Essentially, our fluorimeter will serve the same purpose as the one used during lab. It will ultimately determine whether the sample is positive or negative for the cancer sequence. In order to fully capture the fluorescent light, a phone camera is used. The phone is placed perpendicular to the table and the camera is adjacent to the area of the drop. While in the cradle, the camera is able to face the drop and take a picture of the drop in order to determine whether the given sample is cancer positive or negative. With the entire phone layout set, a black box is then used to prevent any additional light from entering the area. When the black box is placed on top, the setting is complete to take a proper picture.

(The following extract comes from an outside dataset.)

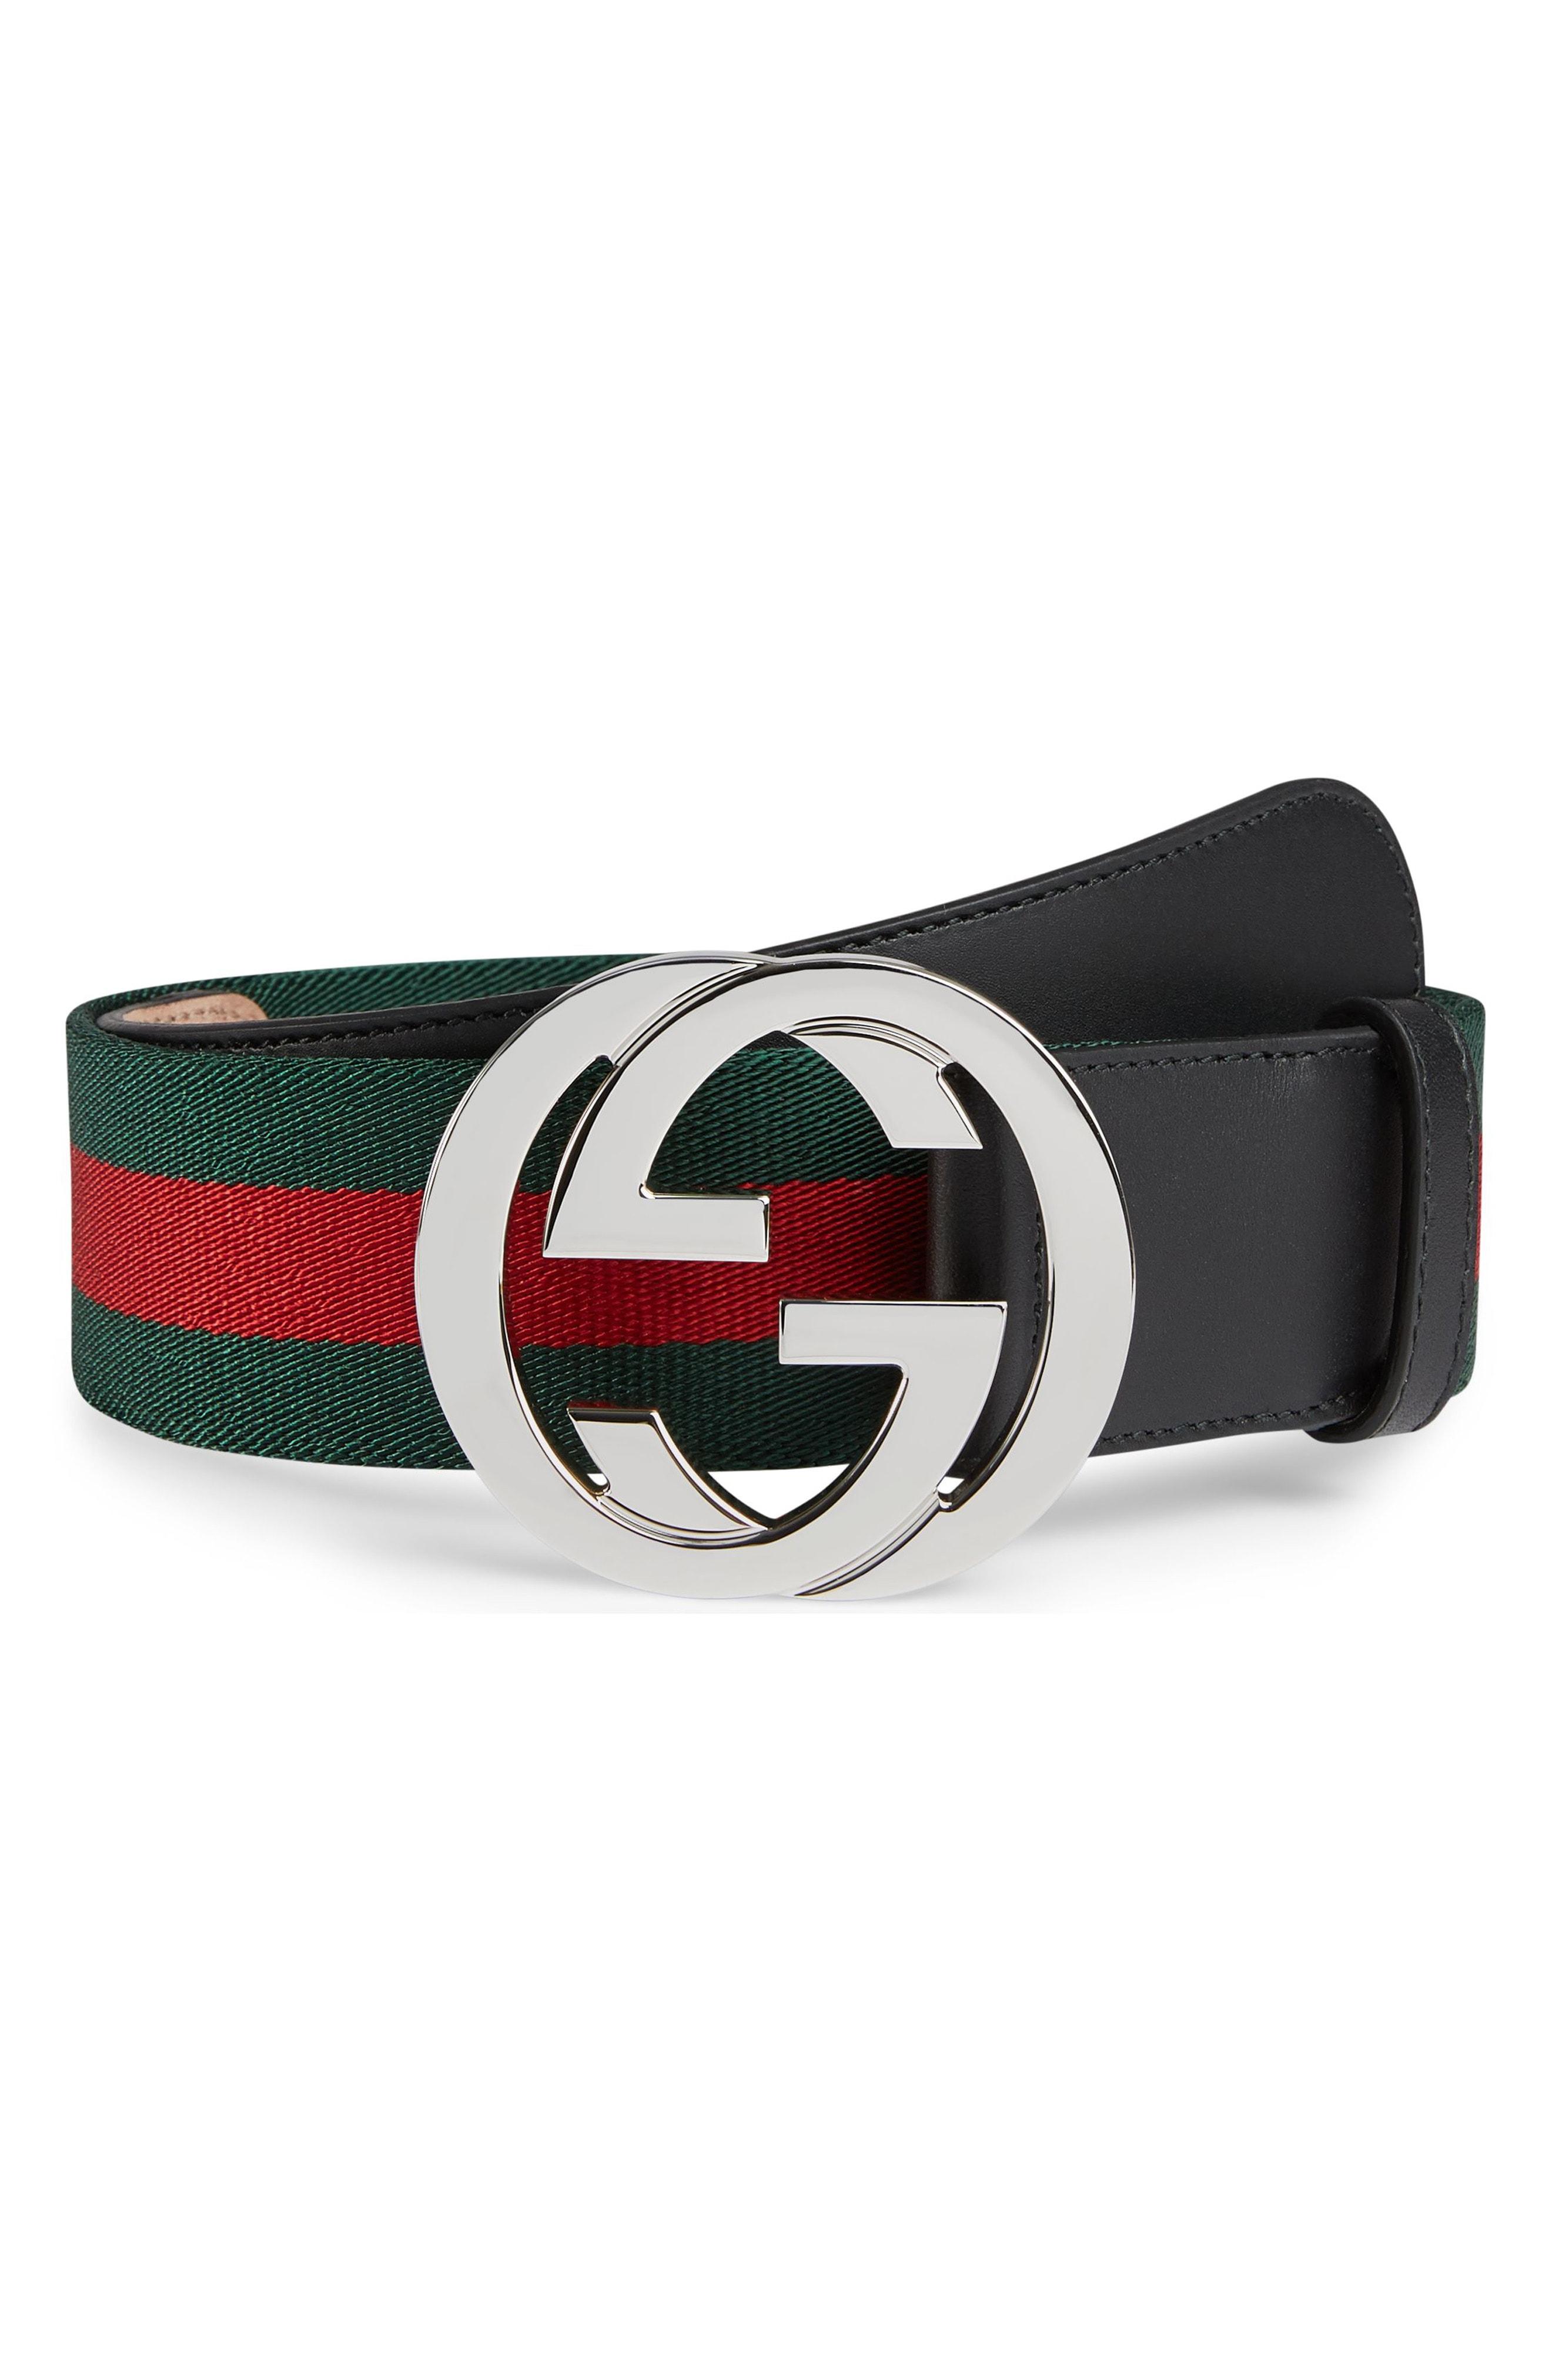 gucci belt black green red

Because the biggest weakness with the fluorimeter was its inability to be reliable, the best way to fix this issue is to create a more balanced layout of the hardware. In order to do so, we changed the angle of the fluorimeter cradle so that the phone will be better able to capture the drop and not take in too much additional light. With the cradle allowing the phone to be in perfect angle adjacent to the area of the drop, the camera of the phone will be able to take a picture that will ultimately be able to distinguish whether the sample is cancer positive or negative. Because the cradle can essentially move during any given point in the experiment, the cradle will be placed in a more sturdy position to prevent any unnecessary movement. This will also help during the initial points in the lab when attempting to position the phone in a good location. Rather, by having an area that is set at a given point, time will be saved and the images will be more reliable in that most of them will be similar. Though the current layout proves to be effective, there are slight possibilities that external light may be making its way into the black box area. With the new designed version of the box, the box will be made of even thicker, black material to ensure that no light will find its way in.

Bonus Opportunity: What Bayesian Stats Imply About The BME100 Diagnostic Approach

Calculation 3 for the Bayesian statistics is P(A I B). By calculating out the probability that the patient will develop cancer given a cancer DNA sequence, we received a a vary small value that was less than 1, which ultimately states that the value is not accurate. Likewise, for calculation 4, it was the same equation; however, it asked to find the probability that the patient will develop cancer given a non-cancer DNA sequence. After our calculation, we again received a very small value that was less than one, which again proves that the value is not very accurate. Both these calculates ultimately prove that the reliability of CHEK2 PCR is not very reliable for predicting cancer. One of the biggest reasons why CHEK2 PCR was found to be unreliable could have to been due to mistakes made during lab. Some of the trials could have accidentally used more or less of the sample than required, causing for a minor error in the reading. If the CHEK2 PCR was reliable, the values for calculations 3 and 4 would have closer to 1 rather than being so small.